Collaboration played a central role. Workshops were conducted to introduce the system, and naming conventions were established to bridge design and code. Developers were closely involved so that design tokens could be integrated directly into front-end frameworks. Documentation was hosted in Figma for designers, while developer-aligned tokens ensured consistency at the code level.

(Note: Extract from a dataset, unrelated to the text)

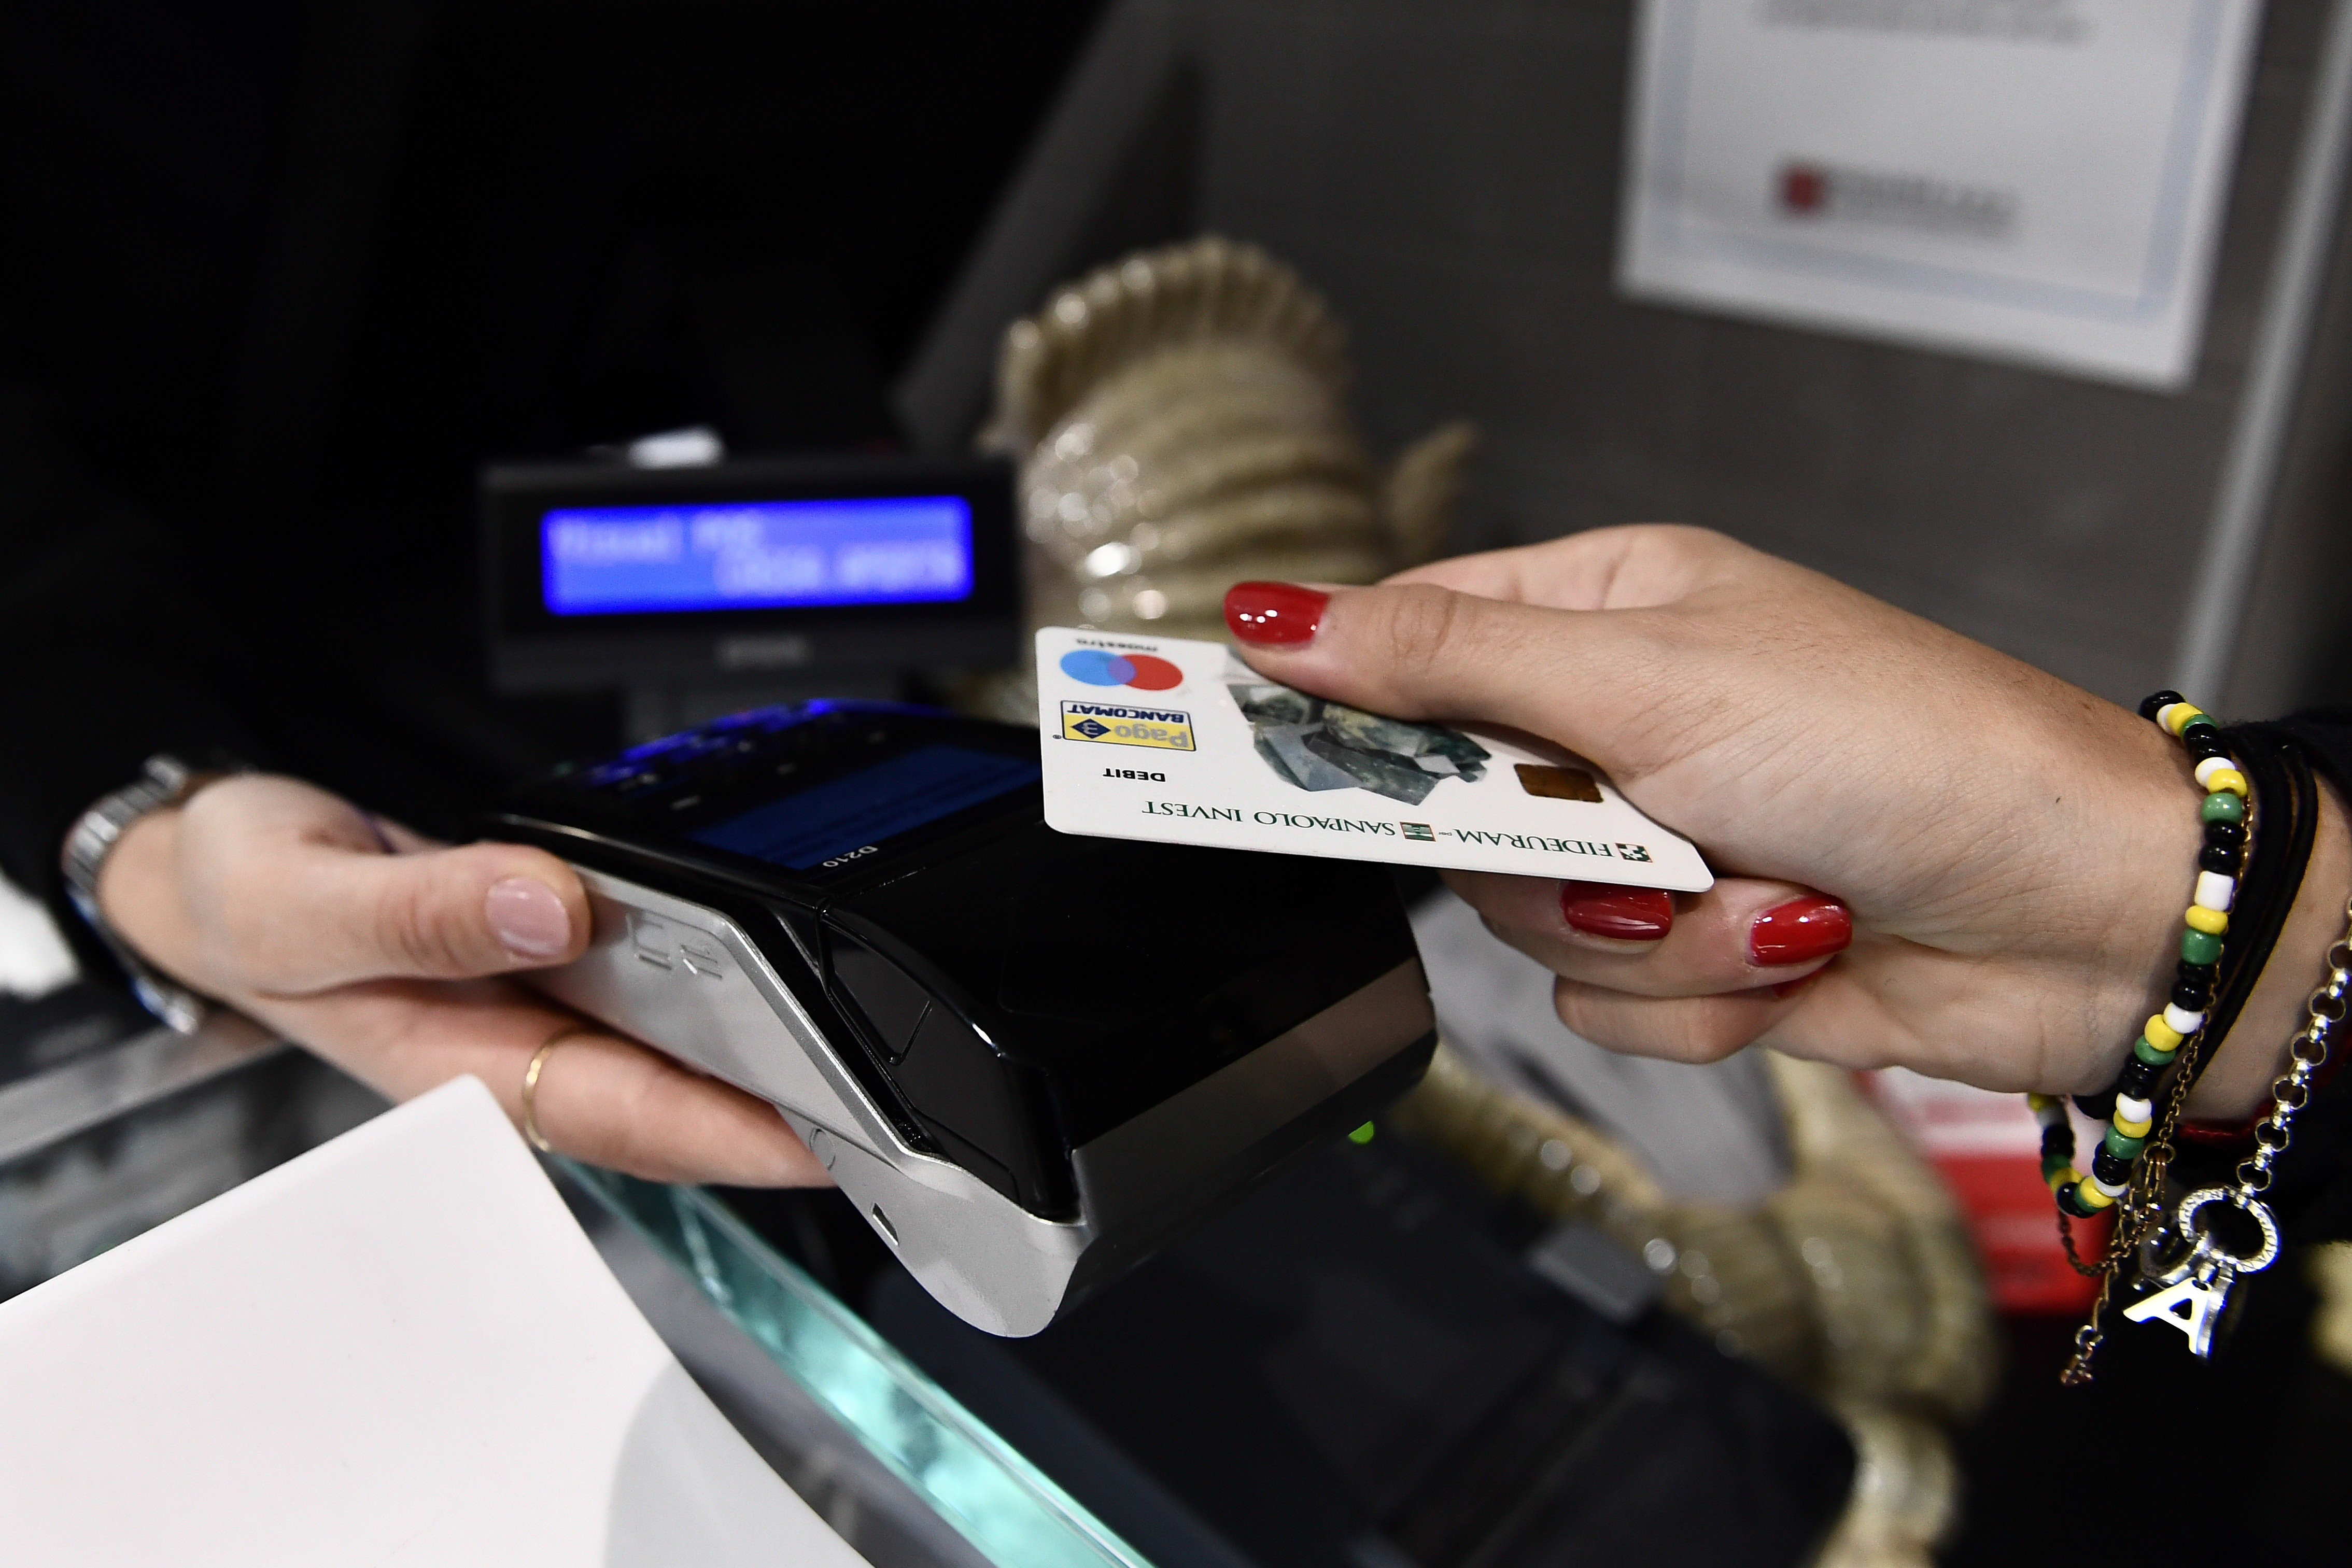 Cash vs card payments in Milan

Building a design system for a tech startup
Creating consistency and scalability across web and mobile products

As Hammoq’s product suite expanded, inconsistencies emerged across web and mobile platforms. Different teams were re-inventing patterns, and developers faced challenges with inefficient handoffs. To address these issues, a scalable design system was developed using atomic design principles, bringing clarity, efficiency, and consistency to both design and development.
Context and Problem
As multiple products were designed in parallel, the lack of a shared visual language led to disjointed interfaces and redundant work. Buttons, forms, and navigation elements looked different from one feature to another, while developers spent time rebuilding similar components in silos. The challenge was clear: a unified design language was needed, one that could work seamlessly across platforms and scale as the product evolved.
Atomic Architecture
The system was structured using Atomic Design so that foundations could scale predictably into flows:
Atoms (colour, type, grids, spacing, icons, elevation) formed the base vocabulary; Molecules (buttons, inputs, chips, messages, tooltips) combined atoms into functional units; Organisms (navigation bars, calendars, footers, collections) composed screens; and Templates/Pages defined layout structures that could be populated with content. This layering made reuse explicit and implementation reliable.
Testing and Iteration
The system was tested continuously as implementation progressed. Components were trialled within live product flows to uncover gaps and edge cases, while developers validated ease of implementation. Feedback loops were intentionally kept short, enabling rapid resolution of issues. Several iterations were made, including refinements to component flexibility, improvements to documentation clarity, and the expansion of component variants to cover real-world use cases.
Outcomes
The resulting design system established a unified language that changed how products were built at Hammoq. Interfaces across web and mobile were standardised, reducing cognitive load for users and improving overall experience. Development time was shortened as reusable components replaced redundant builds, and handoffs between design and engineering became more efficient. Comprehensive documentation and structured onboarding supported smooth adoption, embedding the system into everyday workflows.